For those that love gardening, there’s nothing quite like burrowing your fingers into fresh soil come spring. The lively smell of all those microbes and friendly bacterias between your fingers, the damp, soft texture against your skin, and the visions of the abundance of produce that the soil will provide as the summer goes on is something many gardeners look forward to each and every year.
Did you know there are actual, documented health benefits to getting your hands dirty in the soil, as well? Science agrees.
Here are just a few of the many benefits of playing in the dirt that you should consider this summer.
"Spare time in the garden, either digging, setting out, or weeding, there is no better way to preserve your health.” Richard Louv
Playing in the dirt may alleviate depression.
In 2007, a study was published that suggested exposure to Mycobacterium vaccae, a harmless bacteria found in soil, could improve mood and boost the immune system just as effectively as antidepressant drugs.
They found this by running mice through the same test they use to test the efficacy of antidepressants; they put the mice into a beaker of water and measured how long they would swim trying to find an escape before giving up. (Kind of twisted, I know.)
The mice that had been exposed to the bacteria swam longer than the control group, more determined to escape. This suggests a more active coping cycle, according to the researchers.
A few years prior to this study, researchers had been looking at whether this bacteria could treat cancer, and while it didn’t prolong life, participants did report increases in vitality and cognitive function and a decrease in pain.
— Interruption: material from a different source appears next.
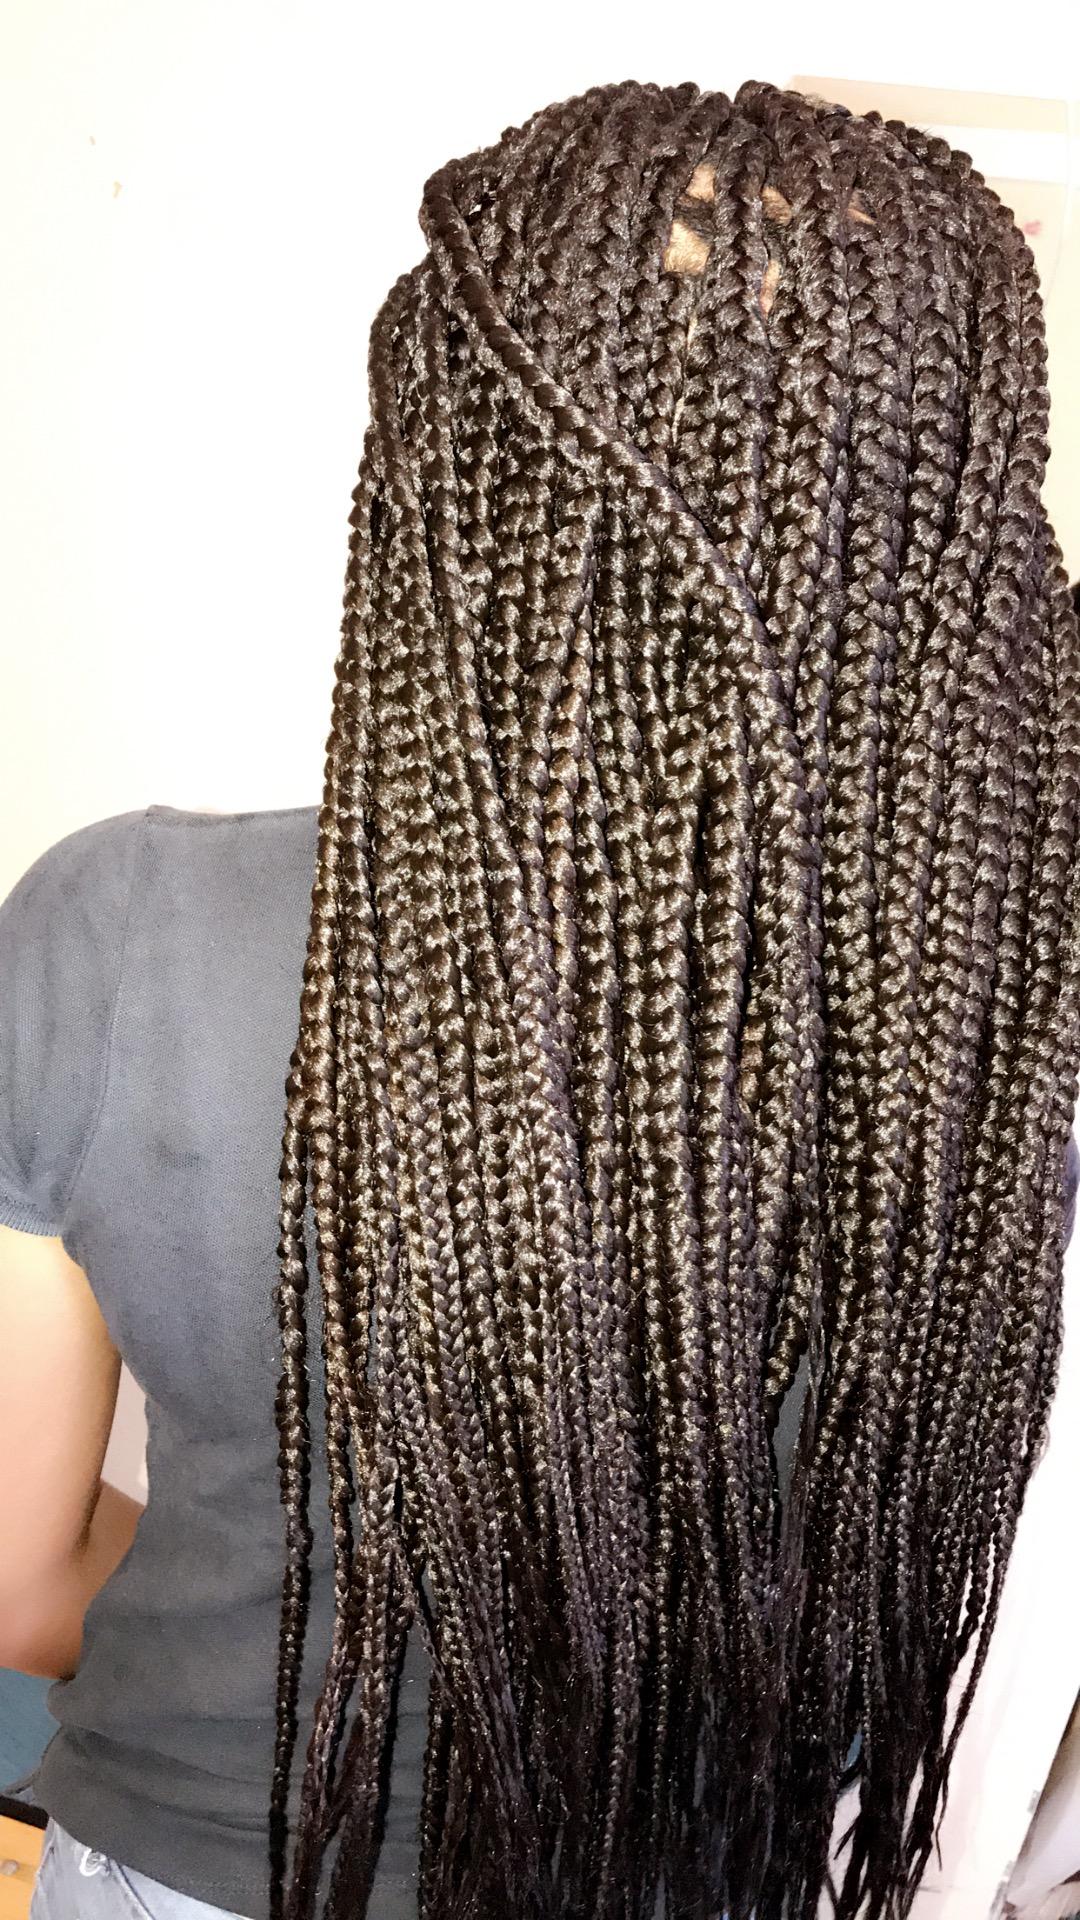 salon de coiffure afro tresse tresses box braids crochet braids vanilles tissages paris 75 77 78 91 92 93 94 95 AEBSJHWX

It gets you outside in the sunshine.
Connecting with nature has many therapeutic benefits, whether you are hiking around the woods, paddling down a river, or digging your hands into your garden.
Being outside in the sunshine gives you a natural dose of vitamin D, while you are listening to the breeze through the treetops, smelling the fresh, natural scents of the earth, and connecting with the ground from which we came. It’s another reason to get yourself outside and partake in an activity that genuinely connects you to mother Earth.
Who doesn’t love fresh, in-season produce?
Growing a garden will give you a steady supply of fresh, in-season produce throughout your growing season. Produce that is in-season is more packed with flavor than when it’s consumed out of season, and also has a higher nutritional value when it has been recently picked from its mother plant.
When you only have to transport that produce from your garden to your kitchen, you’re cutting down on transportation costs and emissions. You also know exactly what went into growing that produce, from the quality of the soil you planted the seeds into the food you fed those plants as you nurtured their growth. If you are passionate about avoiding sketchy chemicals in your food, this is a surefire way to guarantee you’re feeding your family the cleanest produce available.
Gardening is great exercise for the body and mind.
I may have worked up a few aches getting my garden together in the springtime, but it’s never anything a good massage can’t work out. From hauling dirt and compost to getting your hands down in the dirt, gardening is a great full-body workout, and because you’re mentally connecting with what you’re doing instead of zoning out on a treadmill, it’s a fantastic mind-body connection builder as well.
Microbes in the soil can boost your immune function while a lack of exposure to microbes in soil could potentially be contributing to allergies and inflammatory conditions.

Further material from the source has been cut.